→ Your objective: Restate word for word only the lines running from the one with "Do you know" to the end of the data, both ends included. Omit any pictures.

→ Listed entries:
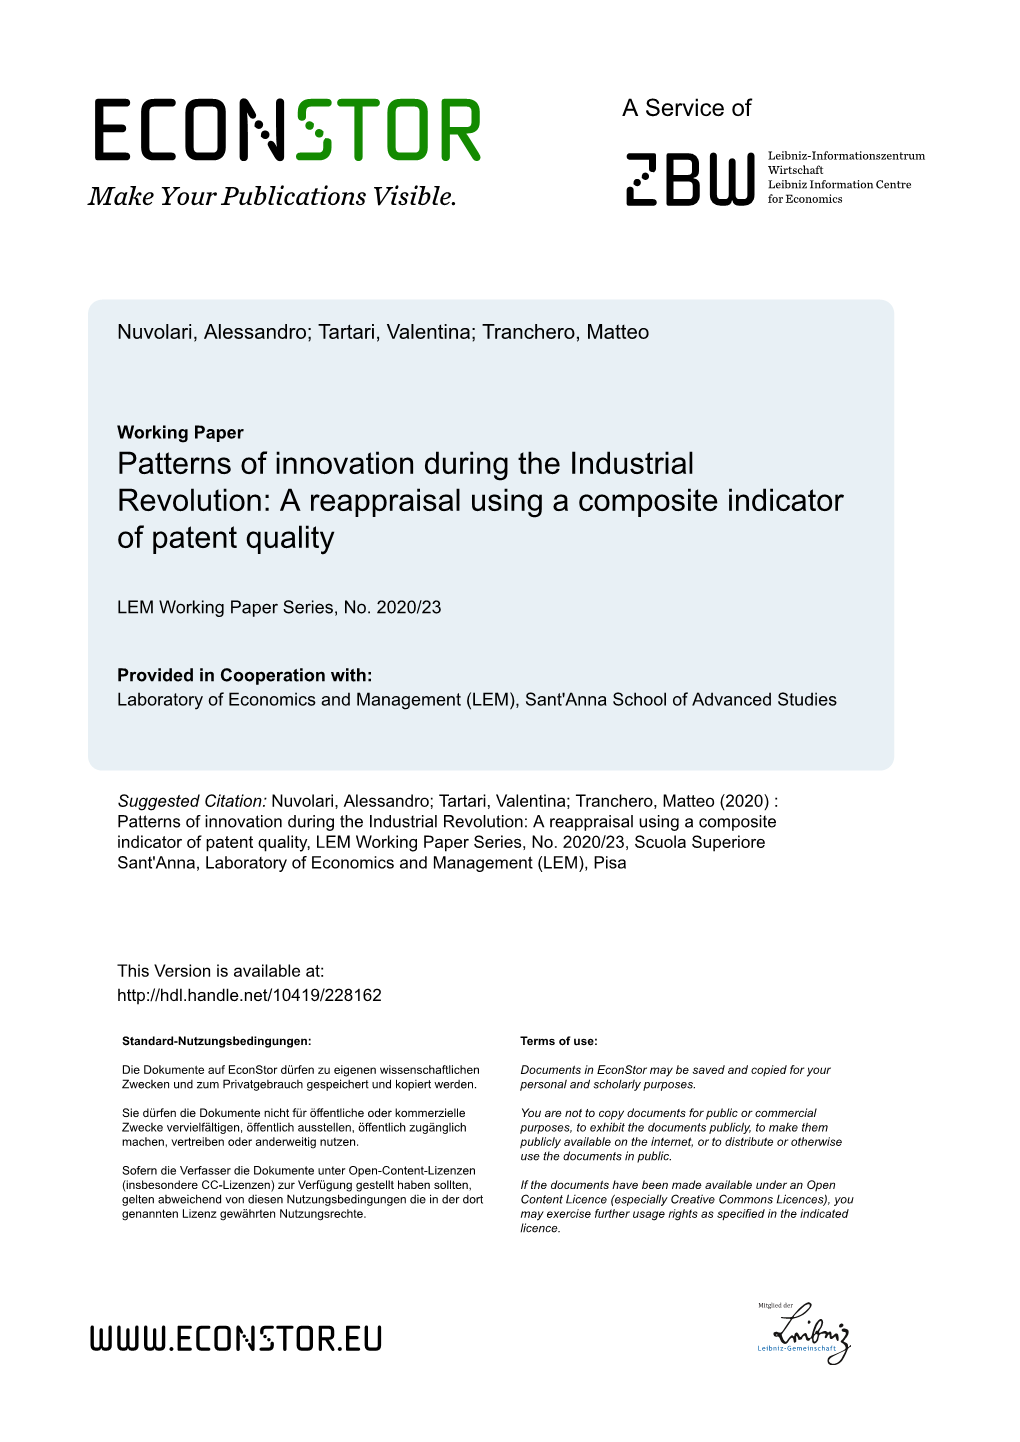 Patterns of Innovation During the Industrial Revolution: a Reappraisal Using a Composite Indicator of Patent Quality
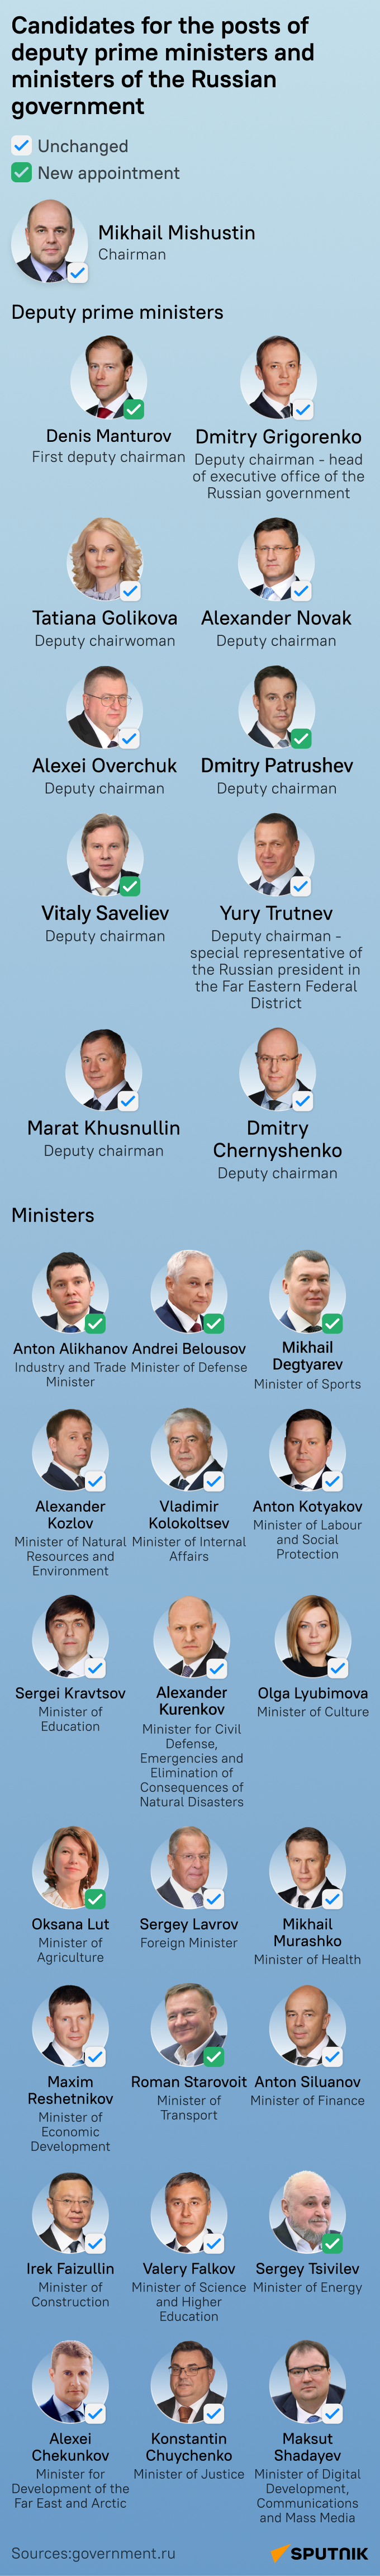 Who is Who in Moscow: Likely Makeup of New Russian Government MOB - Sputnik Africa
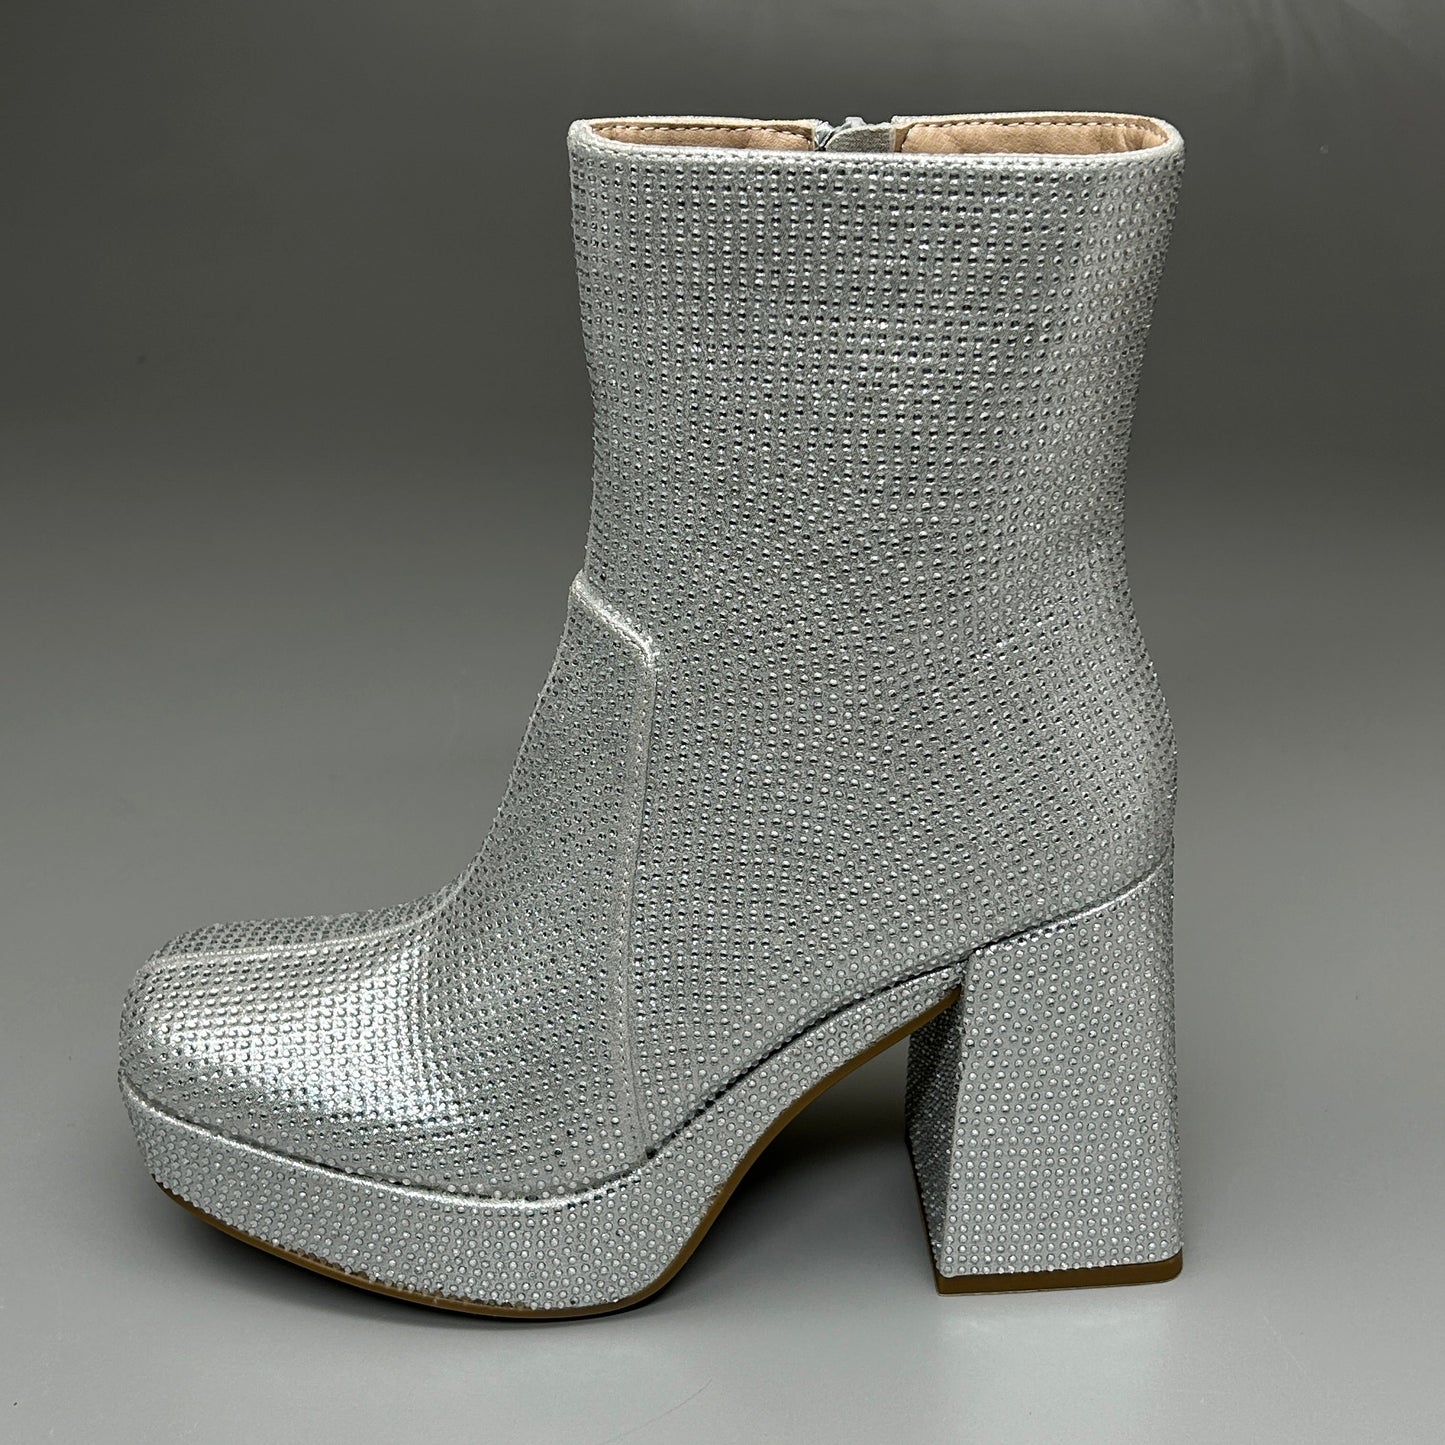 MIA Iva Silver Stone Heeled Boots Women's Sz 8 Silver GS1253108 (New)
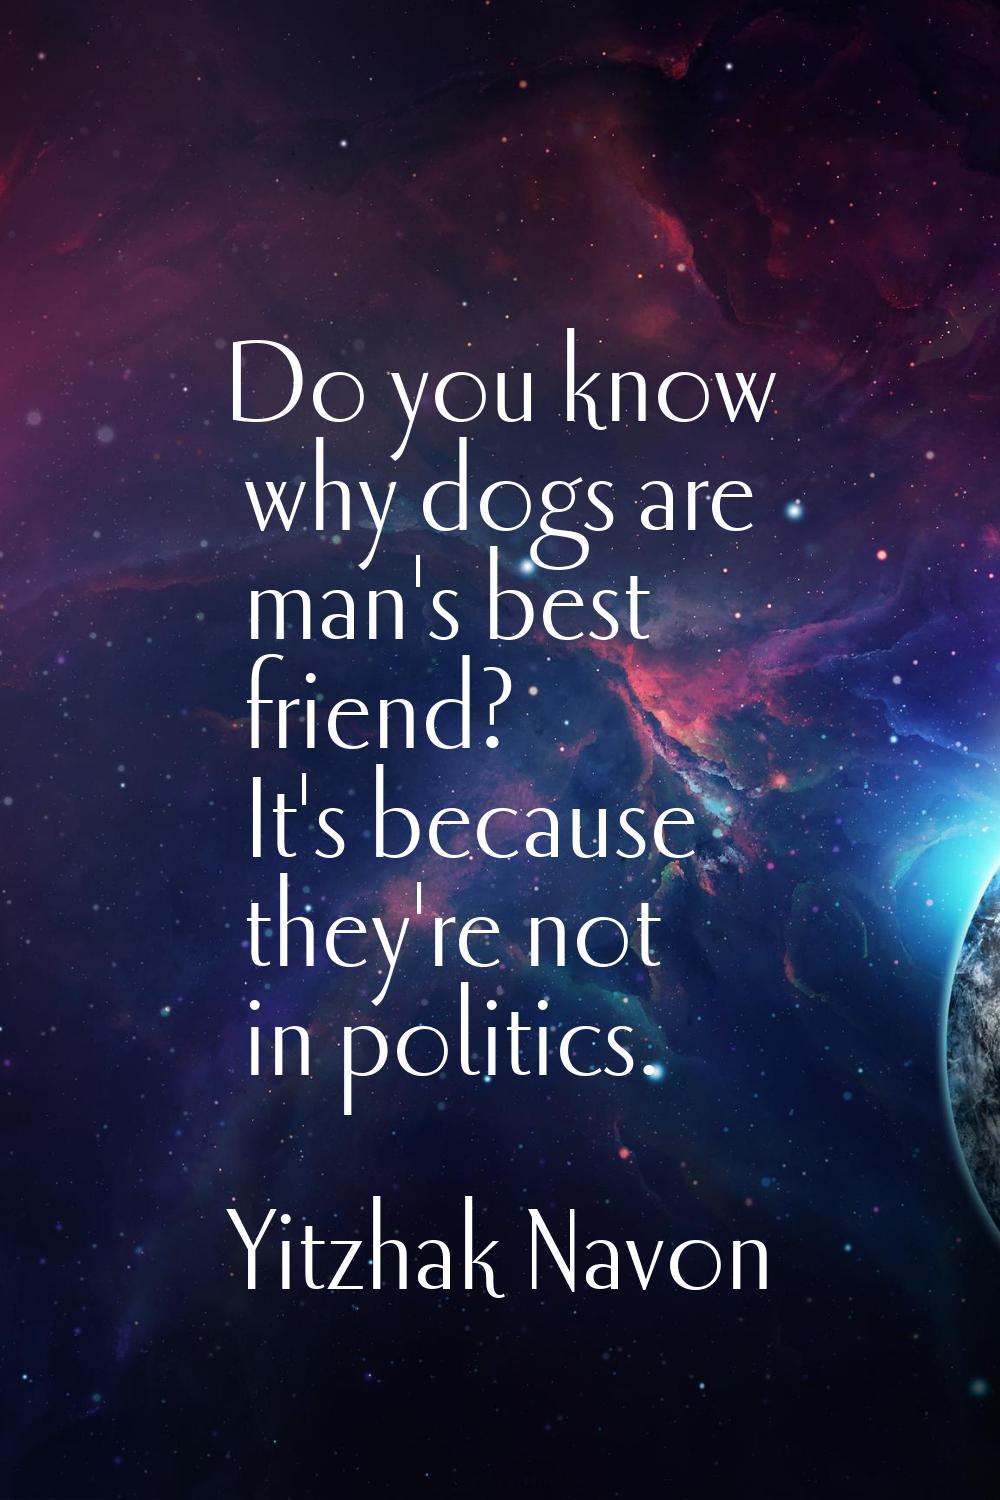 Do you know why dogs are man's best friend? It's because they're not in politics.
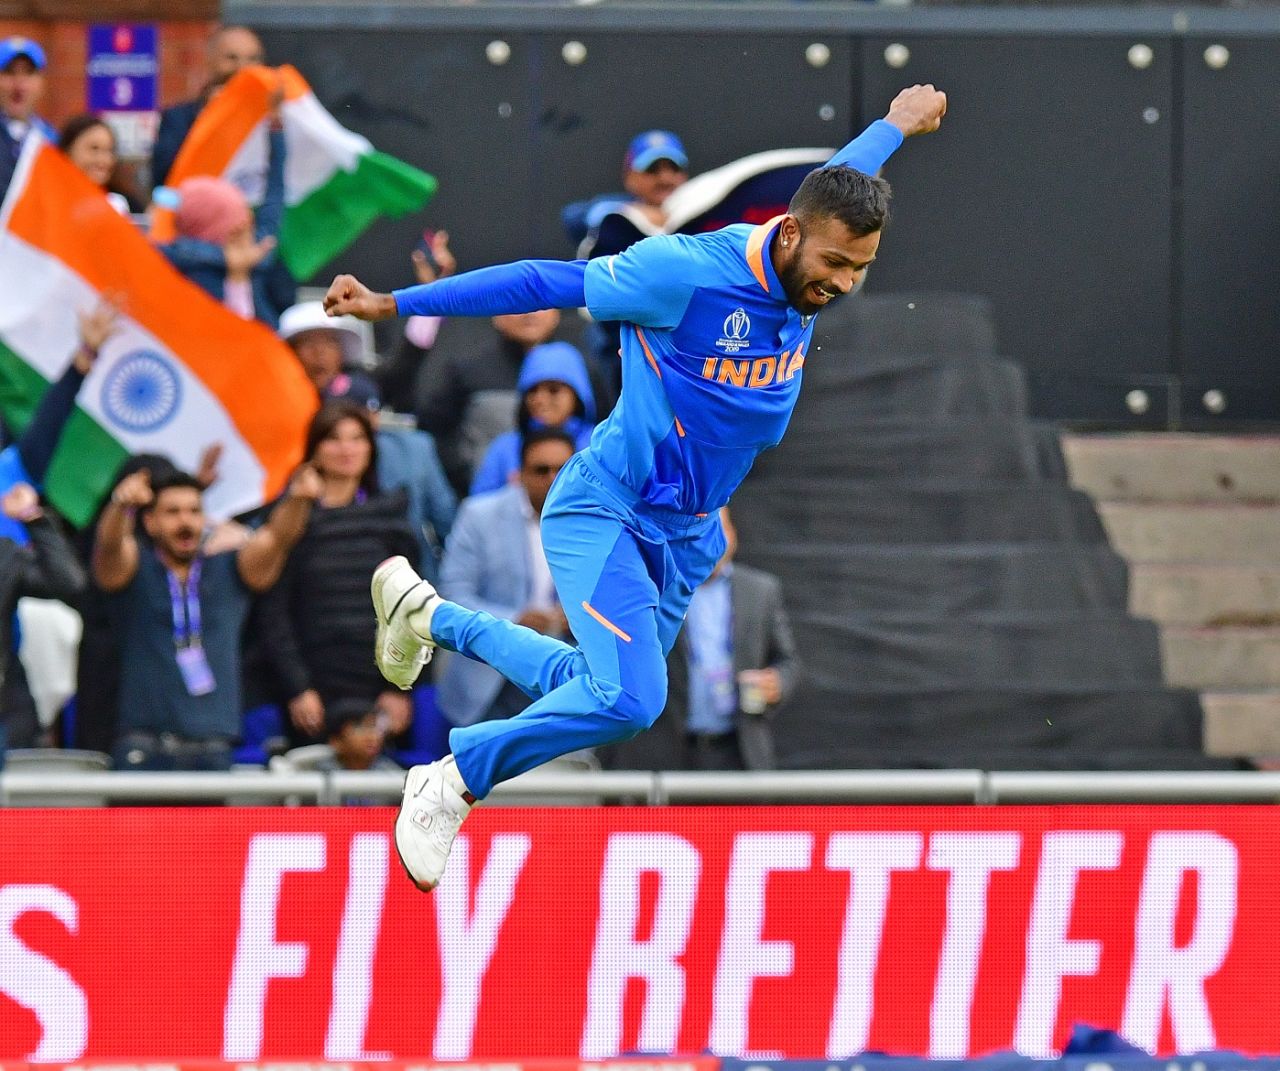 Hardik Pandya is cock-a-hoop after picking up two wickets in two balls, India v Pakistan, World Cup 2019, Manchester, June 16, 2019

→ Task response:
 Do you know why dogs are man's best friend? It's because they're not in politics.
 Hardik Pandya is cock-a-hoop after picking up two wickets in two balls, India v Pakistan, World Cup 2019, Manchester, June 16, 2019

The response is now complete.